Along with the technological barriers that residents have faced, a lack of access to transportation and workplace restrictions makes getting to appointments burdensome.
Powderly said that many middle class adults were able to drive to rural areas with leftover vaccines. “But to do that,” he said, “you need transportation and a job where you can take off. Again, for poorer people who don’t have that sort of freedom, that was much more of a challenge. As you well know in the United States, individuals such as that are more likely to be minorities.”
Though physical access to the vaccine has been the main issue facing minority communities, people have also expressed concerns that individuals from marginalized backgrounds, and Black Americans in particular, would choose not to receive the vaccine due to systemic racism within the medical industry.
“I think the biggest worry… was the historic lack of trust in the healthcare system because of the Tuskegee experiments and historic tension between the healthcare system and African Americans,” McBride said.
But that has not been the story. “African Americans seem to be pretty much willing to take up the vaccine when it’s offered to them,” McBride said. “Most people now believe that disparity, if it exists, is due to lack of access.”

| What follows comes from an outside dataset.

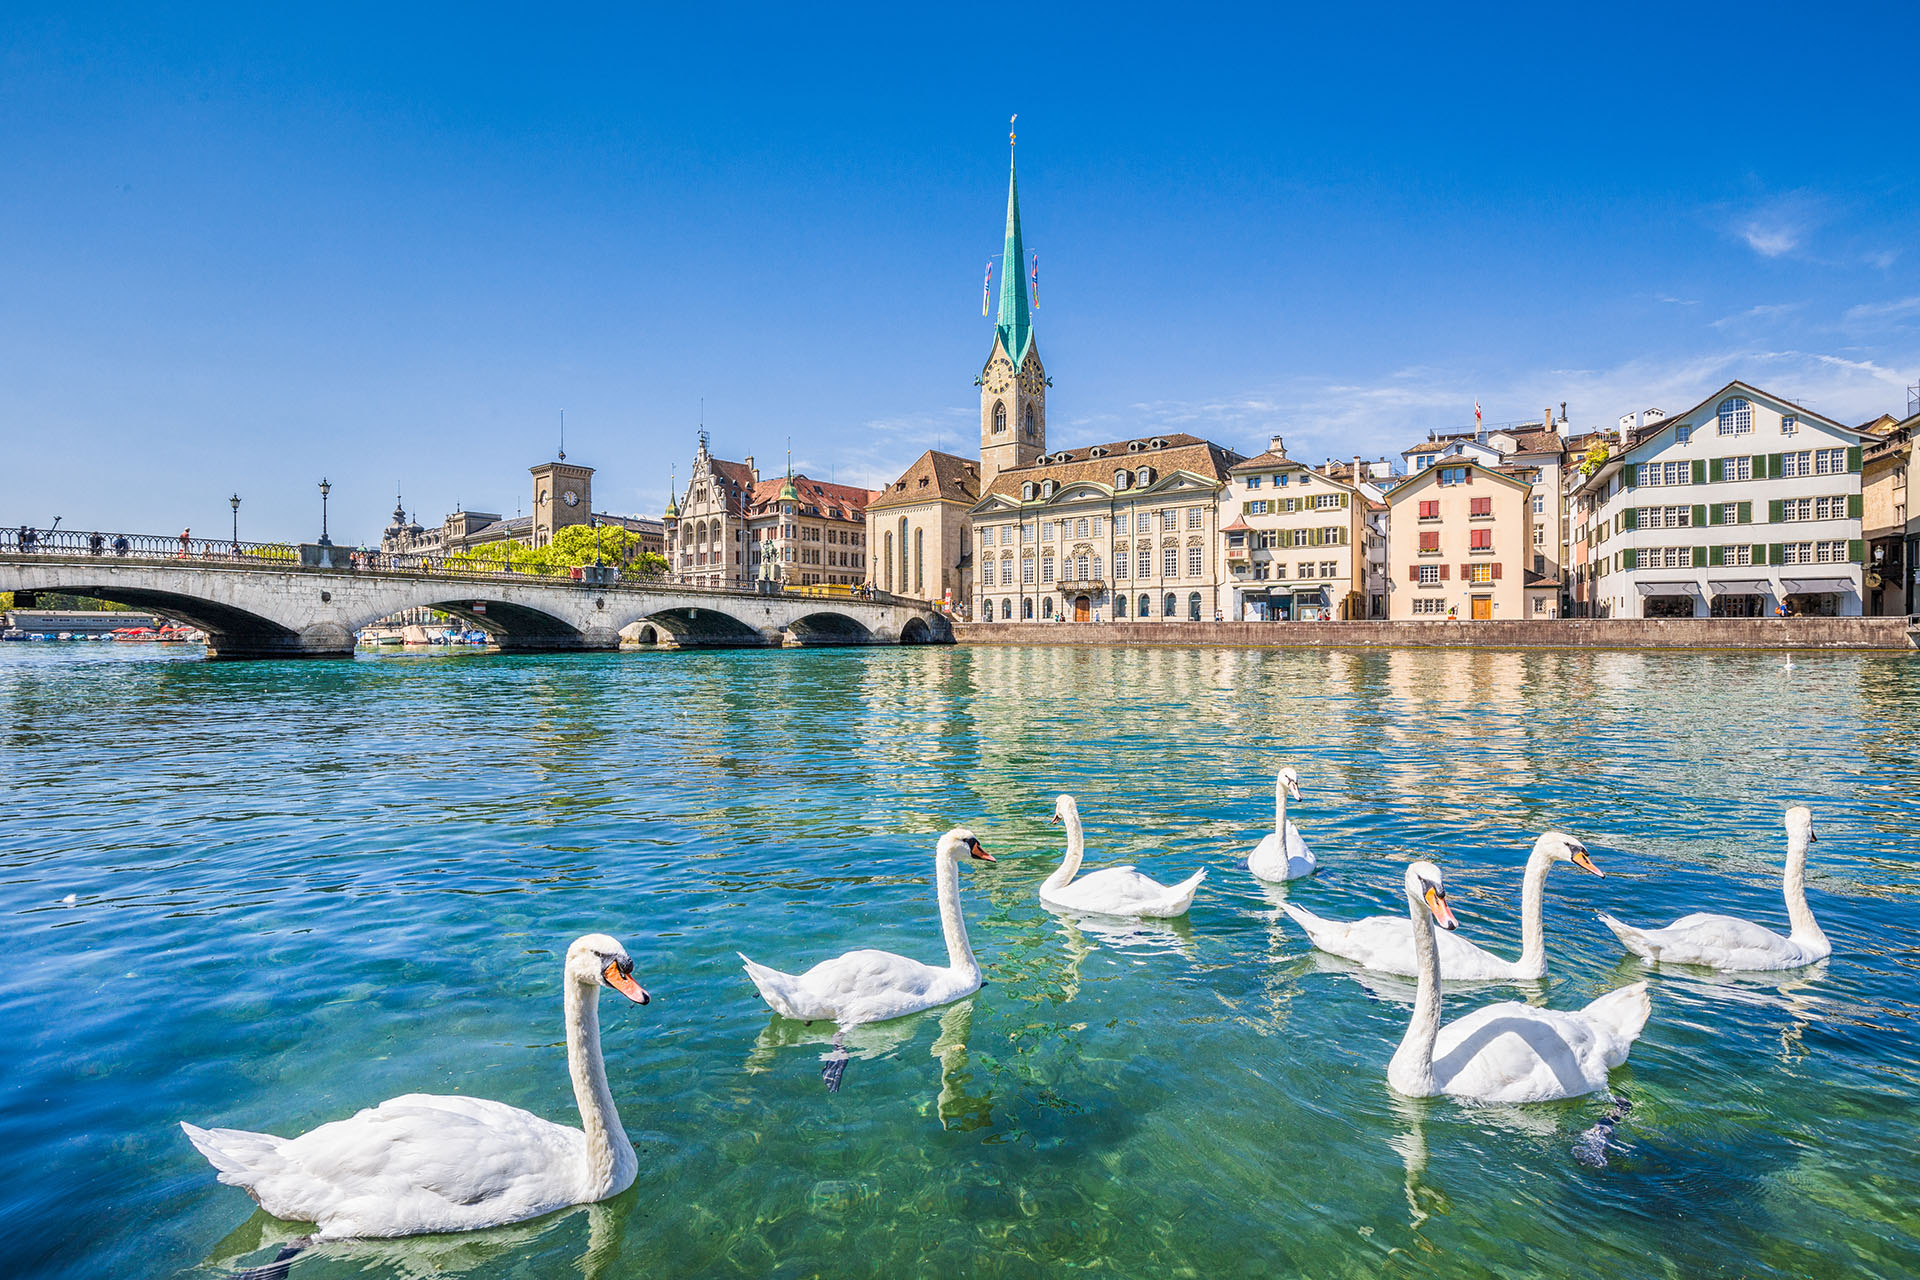 Está en el extremo norte del lago de Zúrich y es ideal para quienes quieran conocer la ciudad mirando y paseando con botes observando las famosas estatuas, casas hasta llegar a los Alpes suizos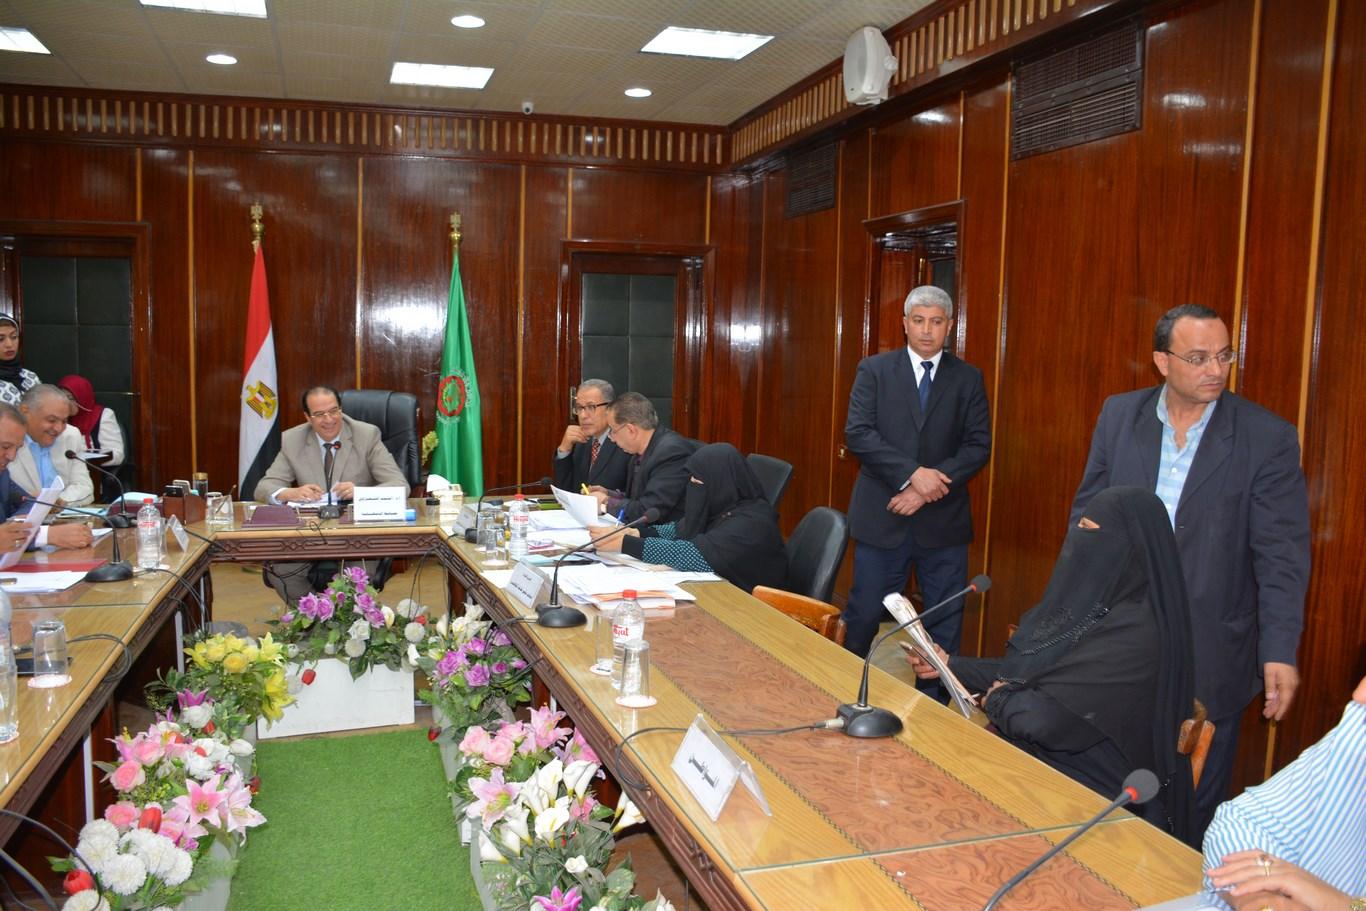 لقاء المحافظ بأعضاء الجهاز التنفيذي بالمحافظة (7)

Powderly said community leaders, especially in communities of color, should help lead health messaging efforts, since having health guidance come from trusted leaders can address long-standing distrust of the medical profession.
“One of the things that is really critical to make this work and make sure that everyone gets vaccinated is to have a very clear plan to engage with marginalized communities, particularly communities of color,” Powderly said. “And the same thing is true in rural areas, where for different reasons they currently distrust authority.”
Washington University health economist Derek Brown noted that another issue in vaccine distribution has been both a lack of accurate information and the existence of inaccurate data.
“Data collection and data sharing has also not been good,” Brown said. “It has been difficult to track and actually get the state’s data on which racial and ethnic groups have received the vaccine. The state has had some inaccurate or faulty data that’s made it difficult to track.”
Yet there have been improvements to the system since rollout began, Brown added. “I think it’s easy to feel better—some reallocation has occurred but also just this national distribution and national supply has increased so much that I think you can feel fairly optimistic today that these problems are getting mended,” he said.
As supply increases and the distribution process in Missouri continues to work more efficiently, Powderly said he is hopeful. “I’m very optimistic that we will [vaccinate] everyone who wants to be vaccinated by the summer,” he said.